Y concluyó sosteniendo que “cuando la Iglesia se expresa en comunión, no puede equivocarse: es la belleza y la fuerza del sensus fidei de aquel sentido sobre natural de la fe, que viene dado por el Espíritu Santo para que, juntos, podamos todos entrar en el corazón del Evangelio y aprender a seguir a Jesús en nuestra vida, y esto no debe ser visto como motivo de confusión y malestar.

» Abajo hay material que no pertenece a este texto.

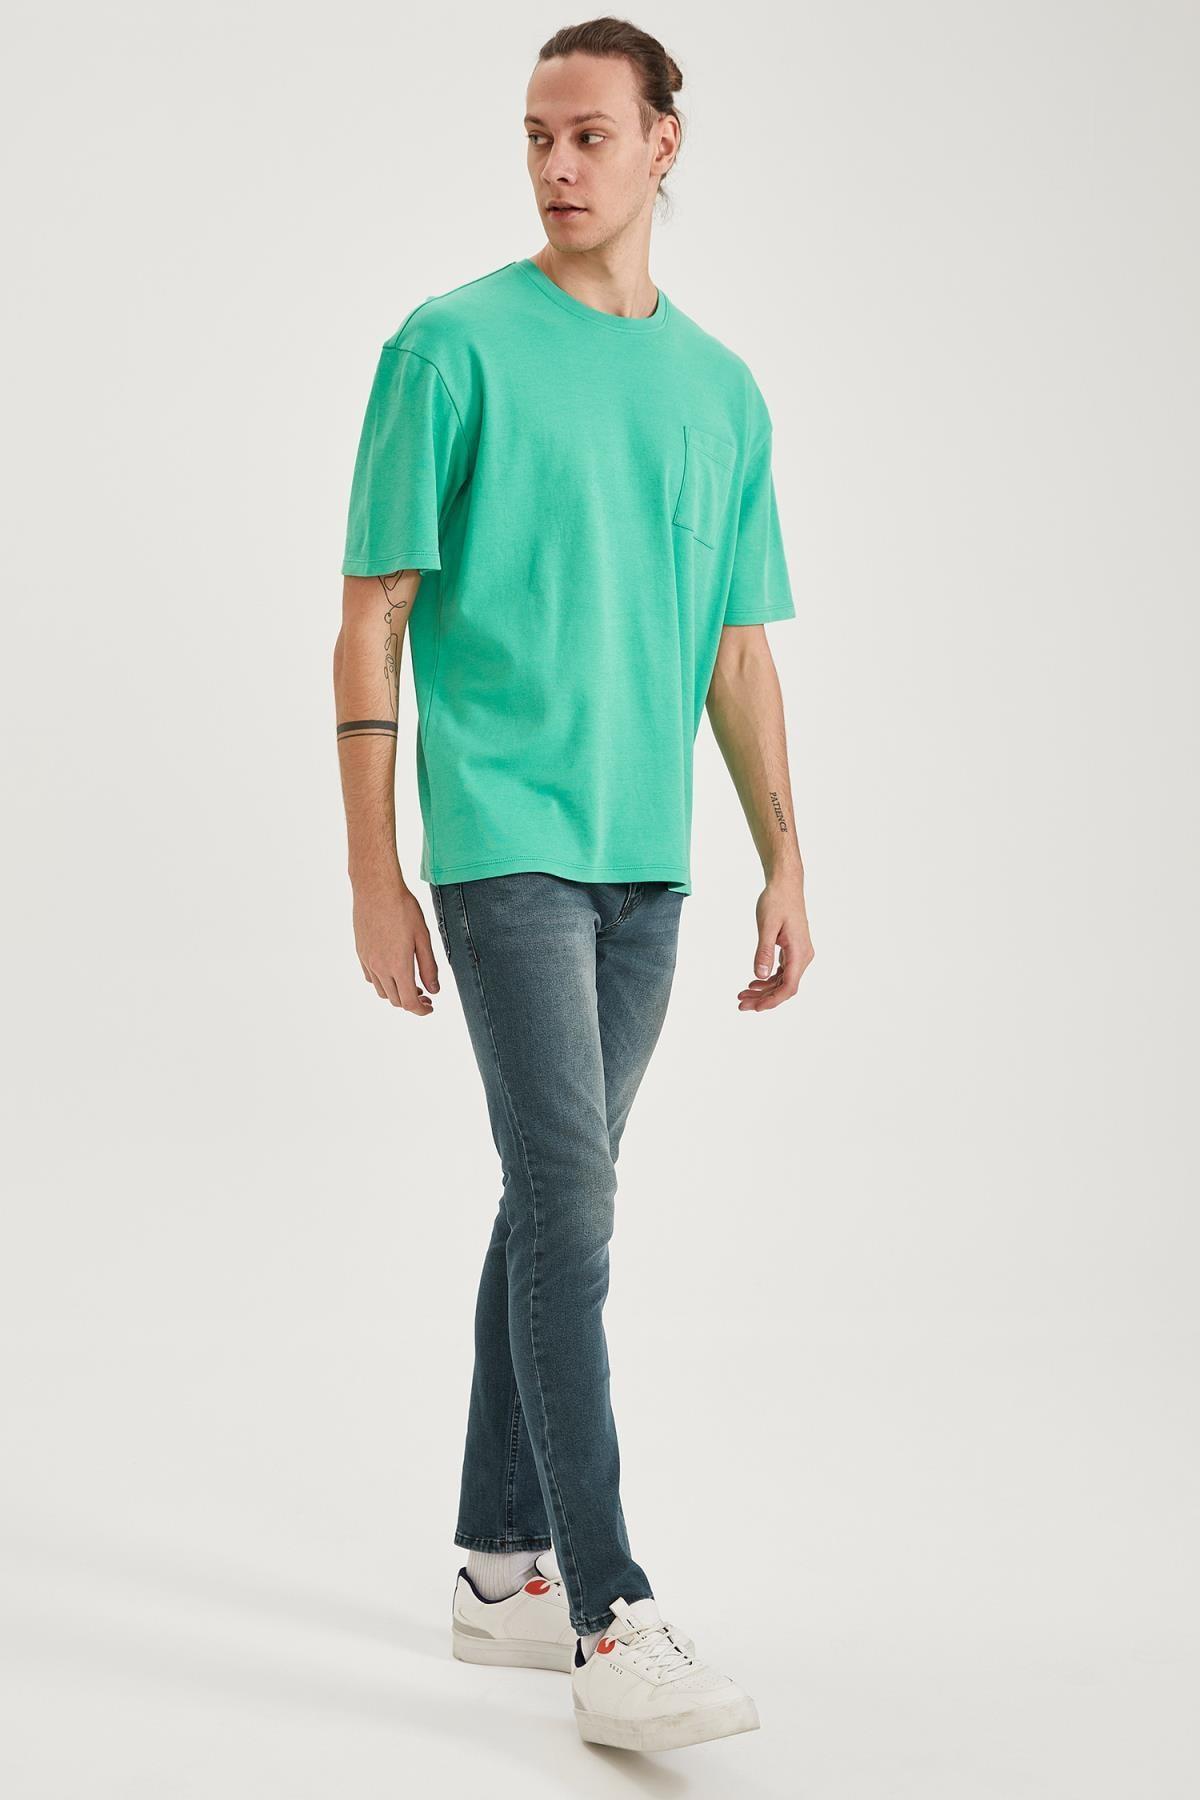 Defacto Oversize Fit Bisiklet Yaka Basic Tişört 1

Dijo que “la Iglesia es de Cristo y todos los Obispos con el Sucesor de Pedro, tienen la tarea y el deber de custodiarla y de servirla, no como patrones sino como servidores. El Papa en este contexto no es el señor supremo sino más bien el supremo servidor; el garante de la obediencia, de la conformidad de la Iglesia a la voluntad de Dios, al Evangelio de Cristo y al Tradición de la Iglesia poniendo de parte todo arbitrio personal, aunque – por voluntad de Cristo mismo – “el pastor y doctor supremo de todos los fieles” (Can. 749) y además gozando “de la potestad ordinaria que es suprema, plena, inmediata y universal de la iglesia” (Cf. Cann. 331-334)”.

El Vicario de Cristo explicó que “todavía tenemos un año para madurar con verdadero discernimiento espiritual, las ideas propuestas y encontrar soluciones concretas a las tantas dificultades e innumerables desafíos que las familias deben afrontar; para dar respuesta a tantos desánimos que circundan y sofocan a las familias, un año para trabajar sobre la “Relatio Sinody” que es el reasunto fiel y claro de todo lo que fue dicho y discutido en esta aula y en los círculos menores.